◆ Problem requirements
Beginning at the line that contains "Strawberry Dating Marketing Page" and finishing at the line that contains "BAGSMART Camera Backpack, DSLR", output the data below exactly. Include both end lines and no pictures.

◆ Supplied data
-.-.-

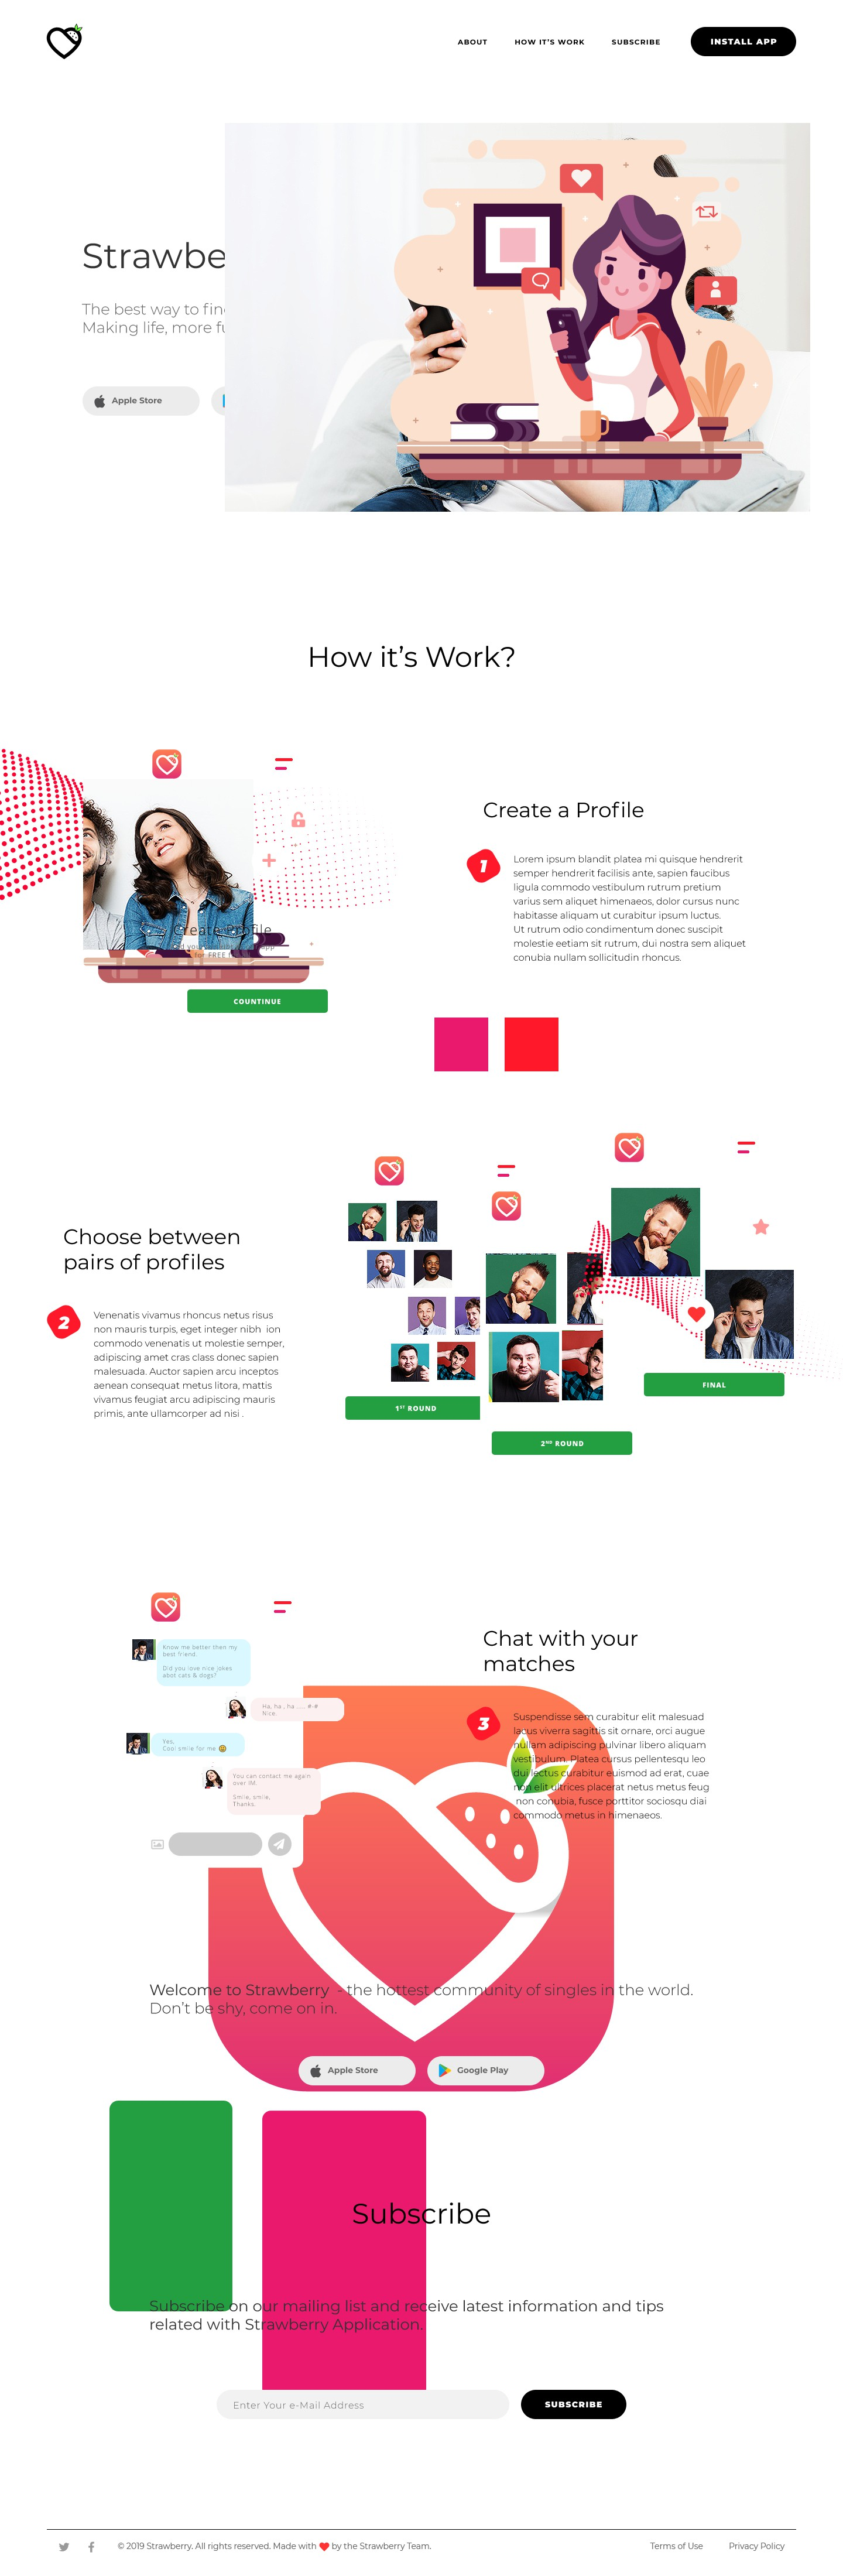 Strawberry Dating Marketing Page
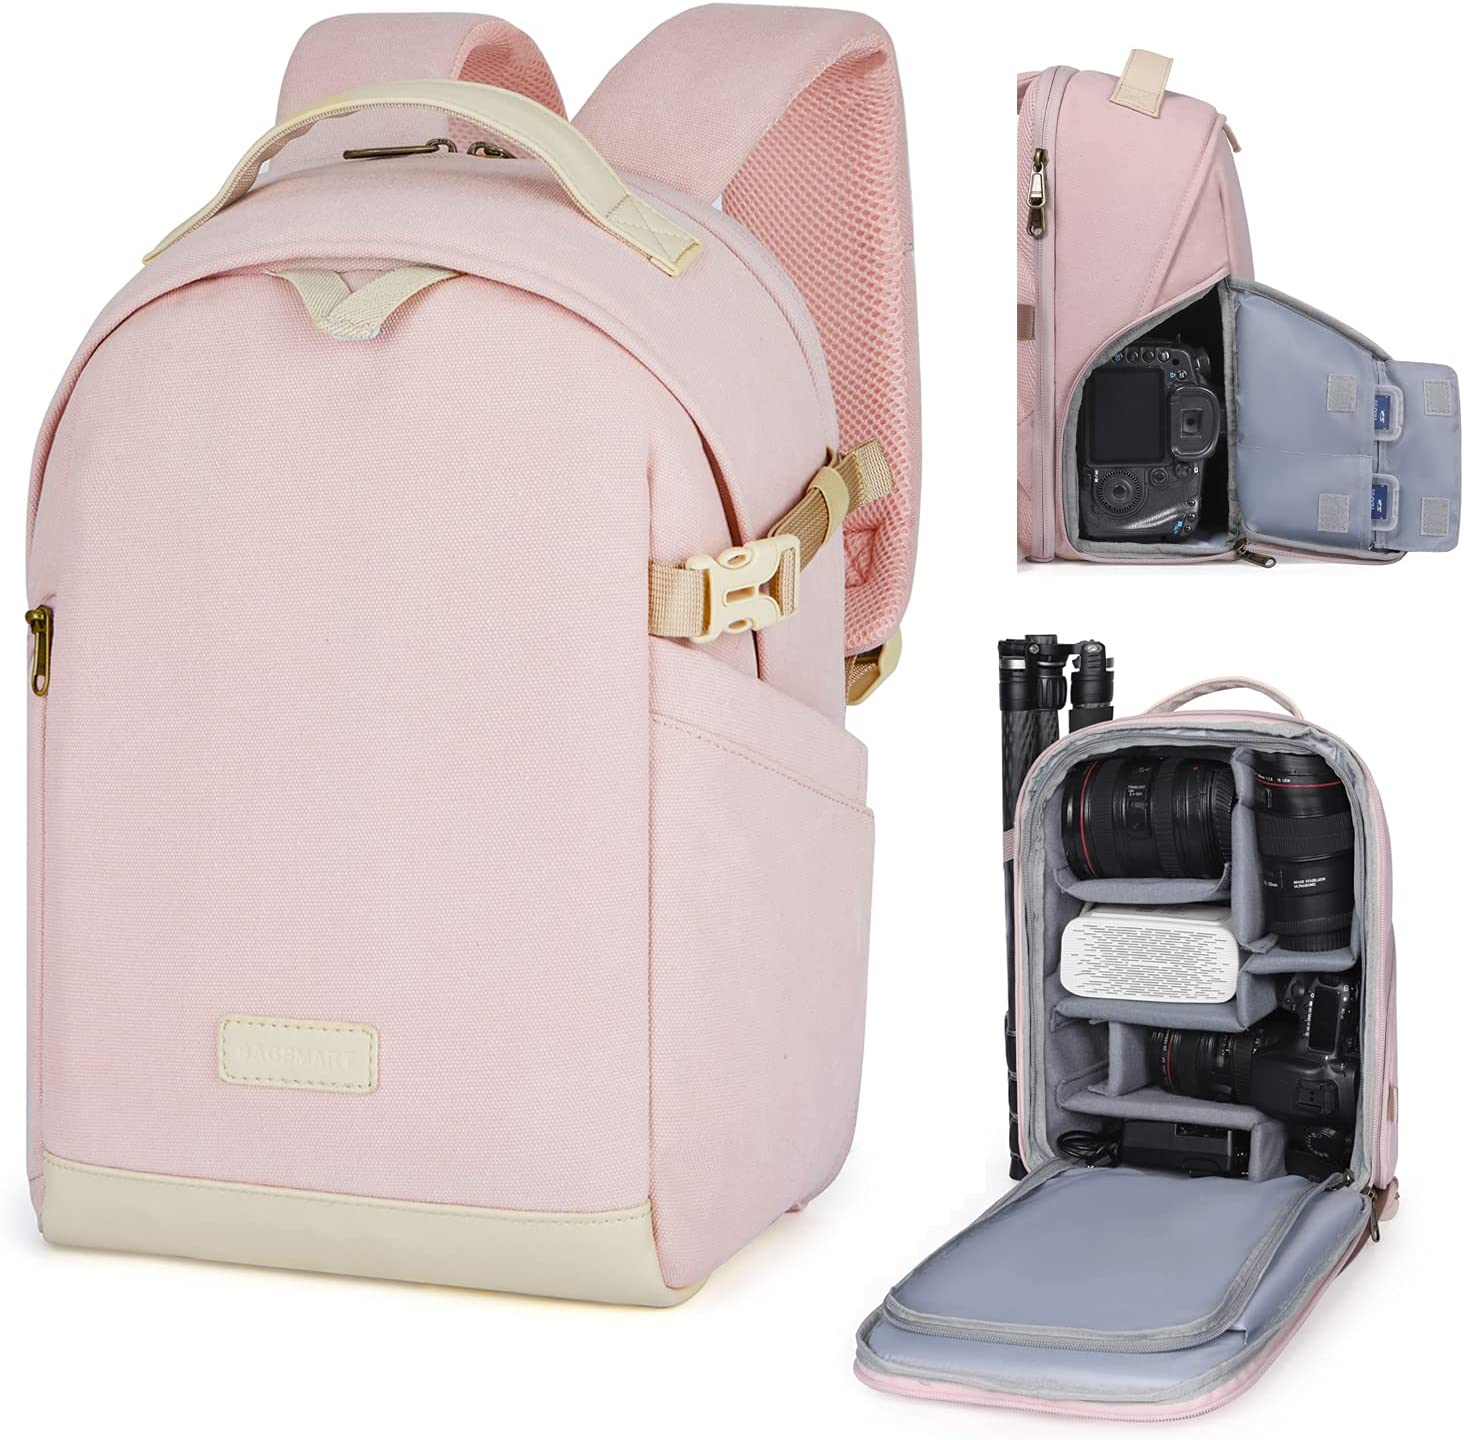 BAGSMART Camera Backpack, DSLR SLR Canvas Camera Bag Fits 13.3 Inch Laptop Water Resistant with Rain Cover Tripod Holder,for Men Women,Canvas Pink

-.-.-

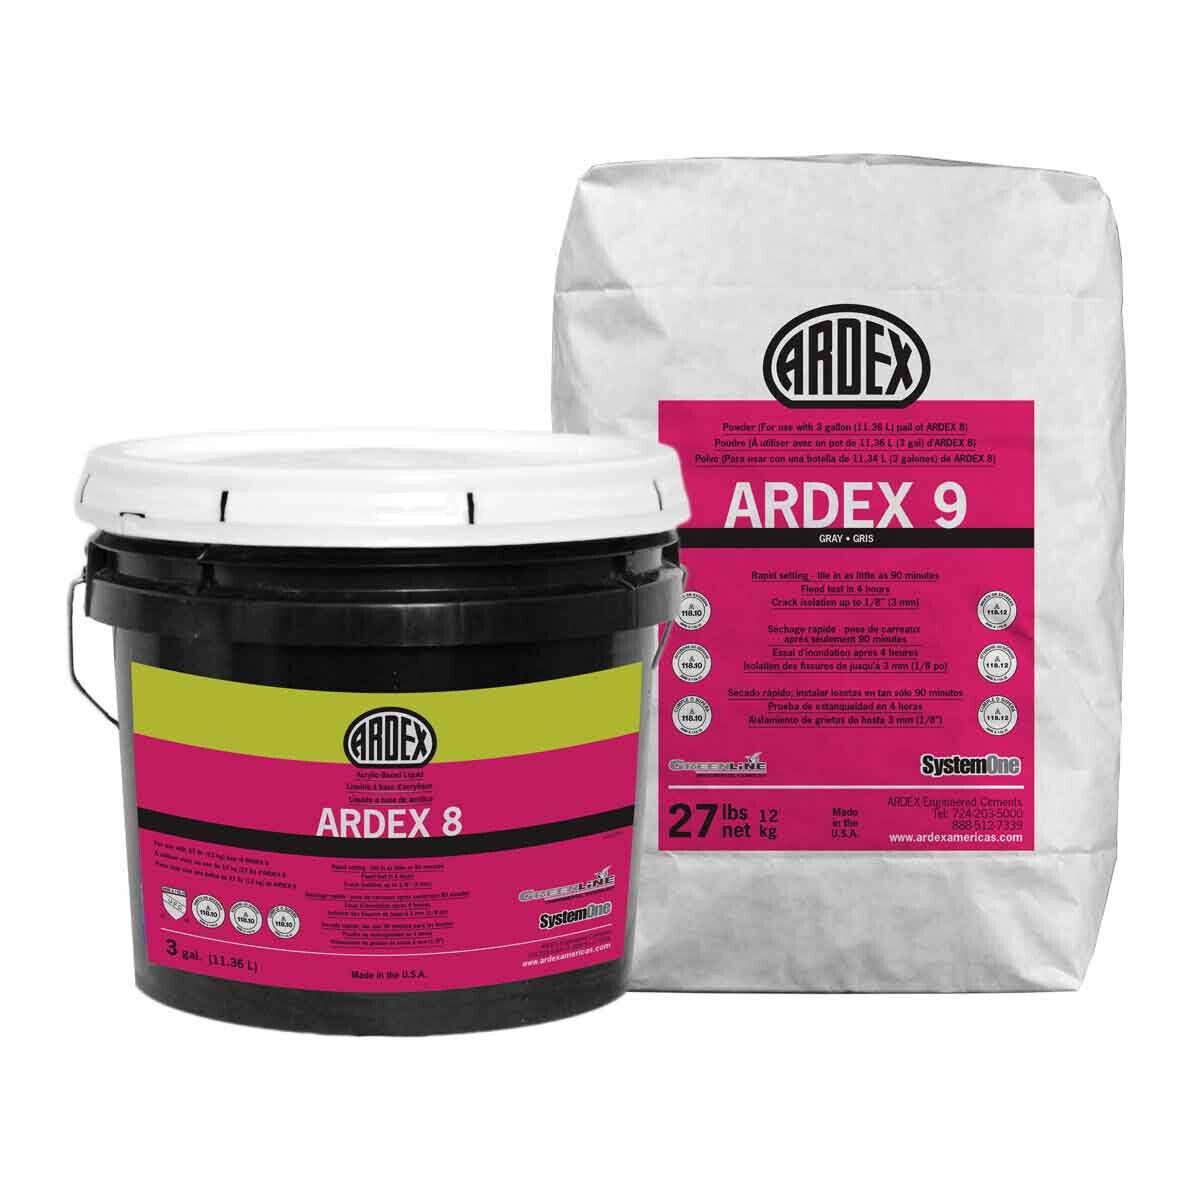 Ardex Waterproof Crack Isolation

-.-.-

◆ Written answer
 Strawberry Dating Marketing Page
 BAGSMART Camera Backpack, DSLR SLR Canvas Camera Bag Fits 13.3 Inch Laptop Water Resistant with Rain Cover Tripod Holder,for Men Women,Canvas Pink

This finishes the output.